Something like the following must be a common experience to general practitioners, especially to those practising on the Continent. The patient comes to see us and volunteers the information that he or she has the "gout," "rheumatic gout," or "dyspepsia." Symptoms are asked for. The case is gone into carefully for causation. An appropriate diet and an appropriate bottle of medicine prescribed. As the patient leaves the room, we may, or may not, call attention to the fact that both teeth and saliva are meant to be used. The patient returns, better, in statu quo, or worse. If better, he remains so while under treatment, and relapses when he returns to ordinary habits. If unaffected, or worse, we try again and again, until we despair, then take or send him to a consultant. Temporary benefit, possibly owing to renewed hope, results; but finally the unfortunate gets used to his sufferings, and, if he can afford it, is sent to join the innumerable hosts that wander from one Bad to another, all Europe over, trying, praising, and damning each in turn. Their manner of living is, of course, at fault.
Nature never intended that man should be perpetually on a special diet and hugging a bottle of medicine, nor did she ordain that he should go wandering over the map of Europe drinking purgative and other waters.
Though early yet to speak with certain voice, it would seem that we are provided with a Guard, reliance on which protects us from the results of mal-nutrition. There seems to be placed in the fauces and the back of the mouth a Monitor to warn us what we ought to swallow and when we ought to swallow it. The good offices of this Monitor we have suppressed by habits of too rapid eating, acquired in infancy or youth.
Last November my attention was called by Mr.
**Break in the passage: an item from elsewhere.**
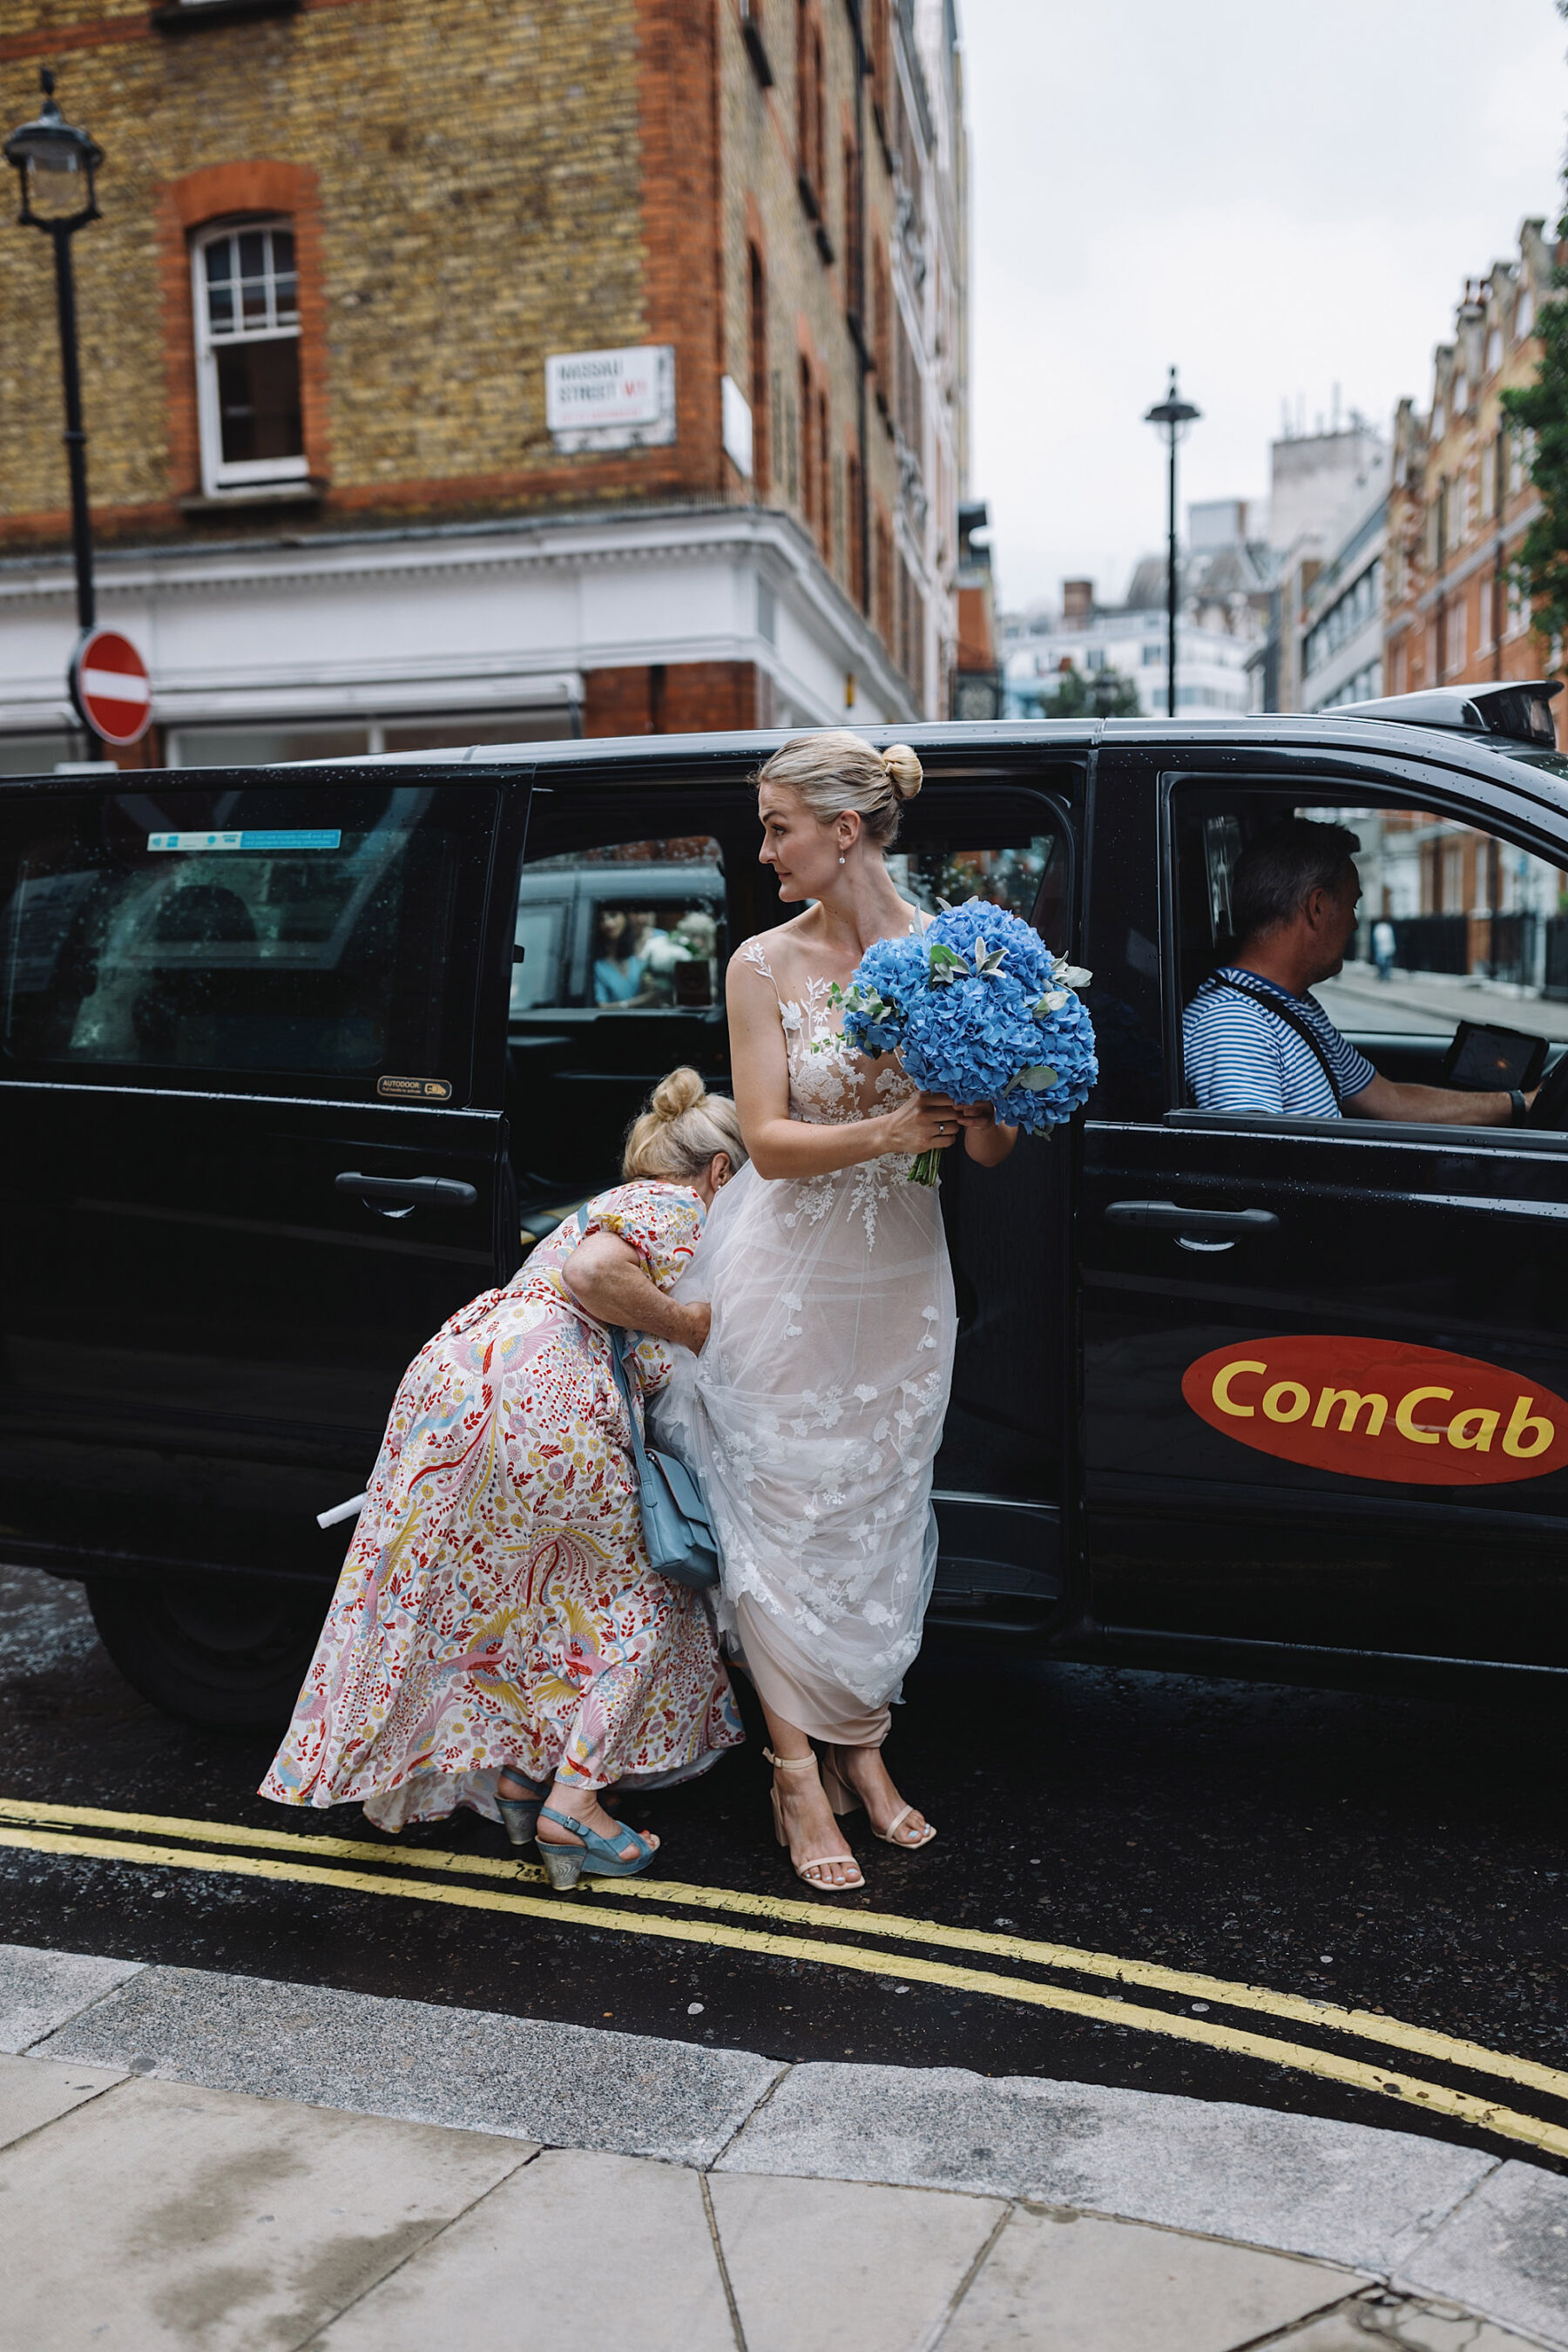 Large blue hydrangea wedding bouquet. Bride getting out of a London black cab taxi. Wolf & Co. Photography
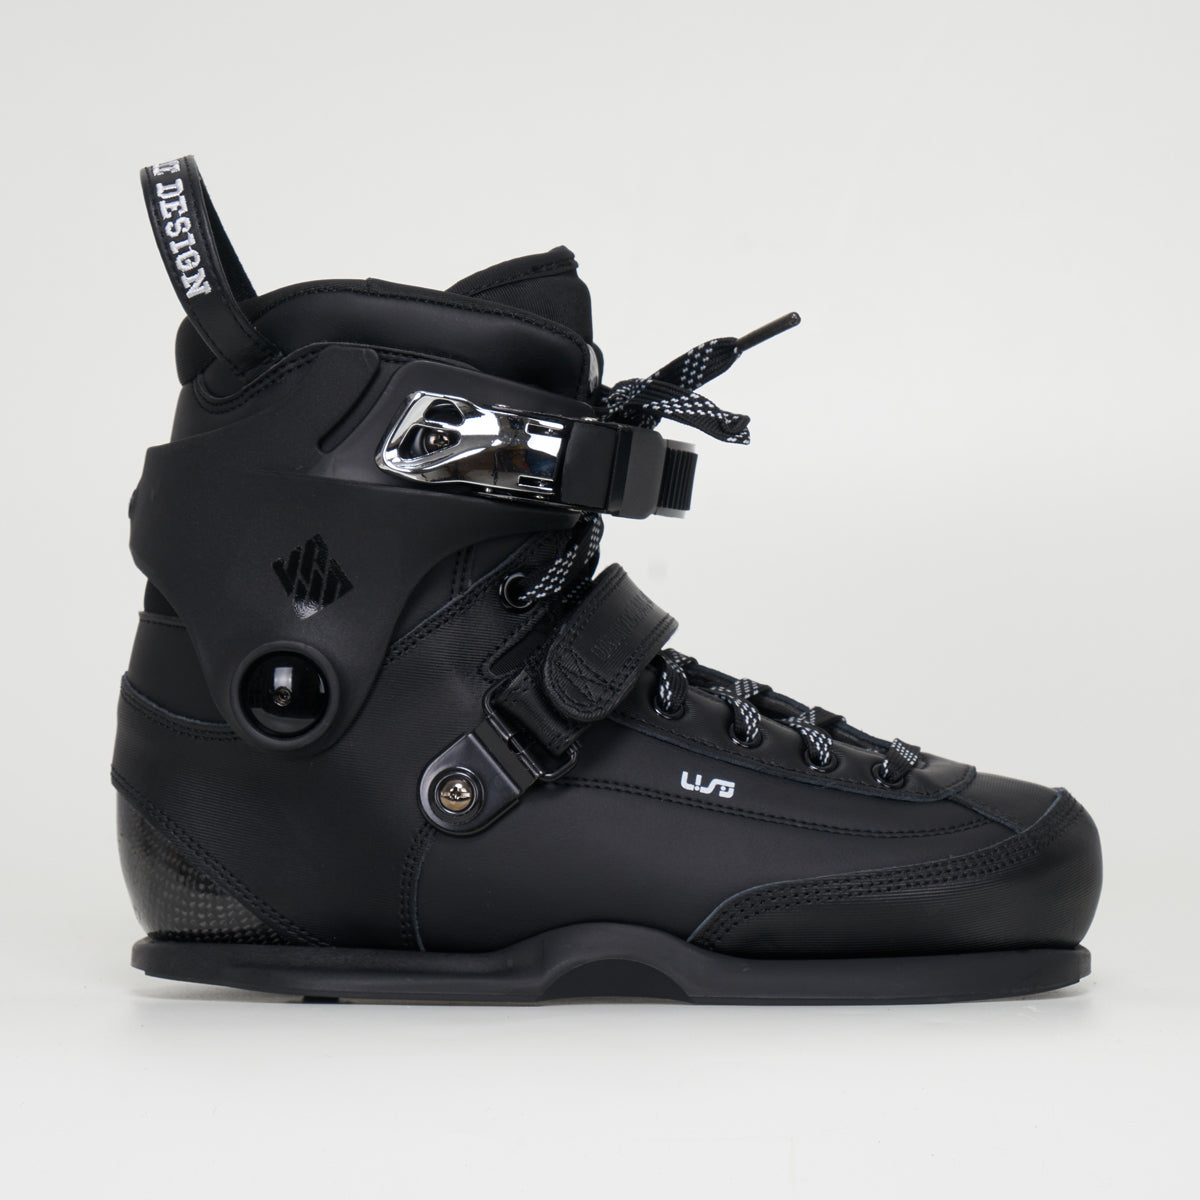 USD Carbon Boot Only Skates

Horace Fletcher, an American author living in Venice, to the discovery in himself of a curious inability to swallow, and a closing of the throat against food, unless it had been completely masticated. My informant stated that he noticed this peculiarity after he had begun to excessively insalivate his food, both liquid and solid, until all its original taste had been removed from it. Any tasteless residue in the mouth, being refused by the fauces, required a forced muscular effort to swallow. He further told me that since adopting this method of eating he had been cured of two maladies, adjudged chronic, the suffering from which rendered him ineligible for Life Insurance. His weight now became reduced from 205 lbs. to 165 lbs. He had practised no abstemiousness, had indulged his appetite, both as to selection and to quantity, without restraint, and for the last three years had enjoyed perfect health.
After his cure, he was accepted without difficulty for insurance, the last examination finding him an unusually healthy subject for his age. Having leisure, he had spent three years in investigating the cause of his cure, had pursued experiments upon others, and had extended his inquiries, both in America and Europe, until our meeting in Venice. He had also published a statement and inquiry in book form, entitled "Glutton or Epicure,"which had been reviewed by the "Lancet."